My old Granny is fading. She has been in and out of hospital for the past few months with a number of infections, including one in her chest that seems intractable. At one point it seemed she was actively dying, but it does look like we will have her for a little longer, that she can go home again at least for a bit, and enjoy all the attention she is getting from her children, grandkids and great grandkids. (And she is enjoying it too 🙂 )
Gran has started to reminisce. We all love listening to her old stories, but it is a bittersweet thing for her, to remember and to be the only one left. She has outlived all her friends from the old days, her parents, all her siblings, all those connections to Ukraine, to her childhood, her teens, her young adulthood, all gone.

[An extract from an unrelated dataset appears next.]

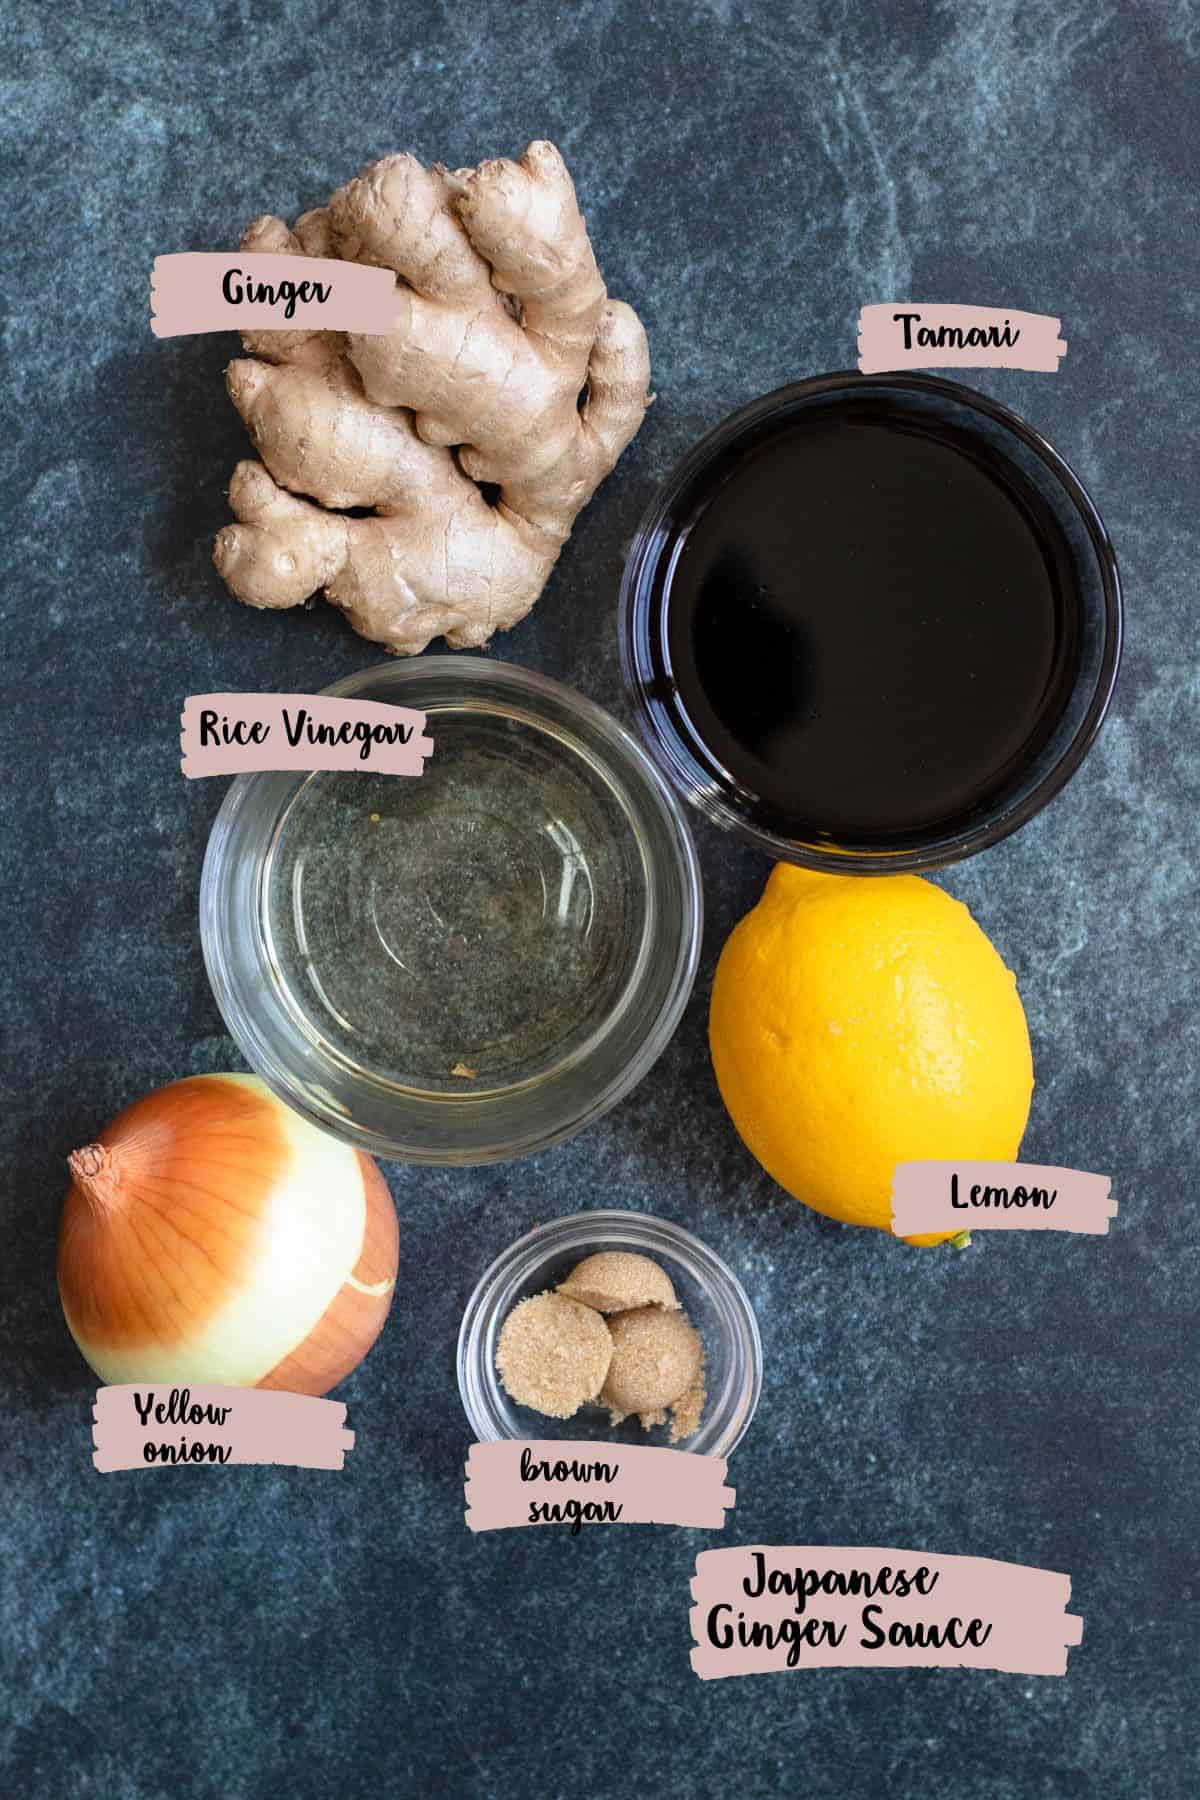 Ingredients shown are used to prepare a Japanese Ginger sauce recipe.

Personally, I am also feeling some emotional impact, apart from the grief about Gran. That is, I keep getting washed over with nostalgia. I look at my young adult daughters and I wonder where my babies, my little ones went. Where is the girl who wrote in grade one I will be a carpenter and build my mum a house and we will all live in it and we will love each other? Where is the four year old who confidently pronounced that we could fix the shower leak with zelly zorclan (Selly’s all seal)? Where did my little miss who perched on the loo with her nose buried in her skirt disappear?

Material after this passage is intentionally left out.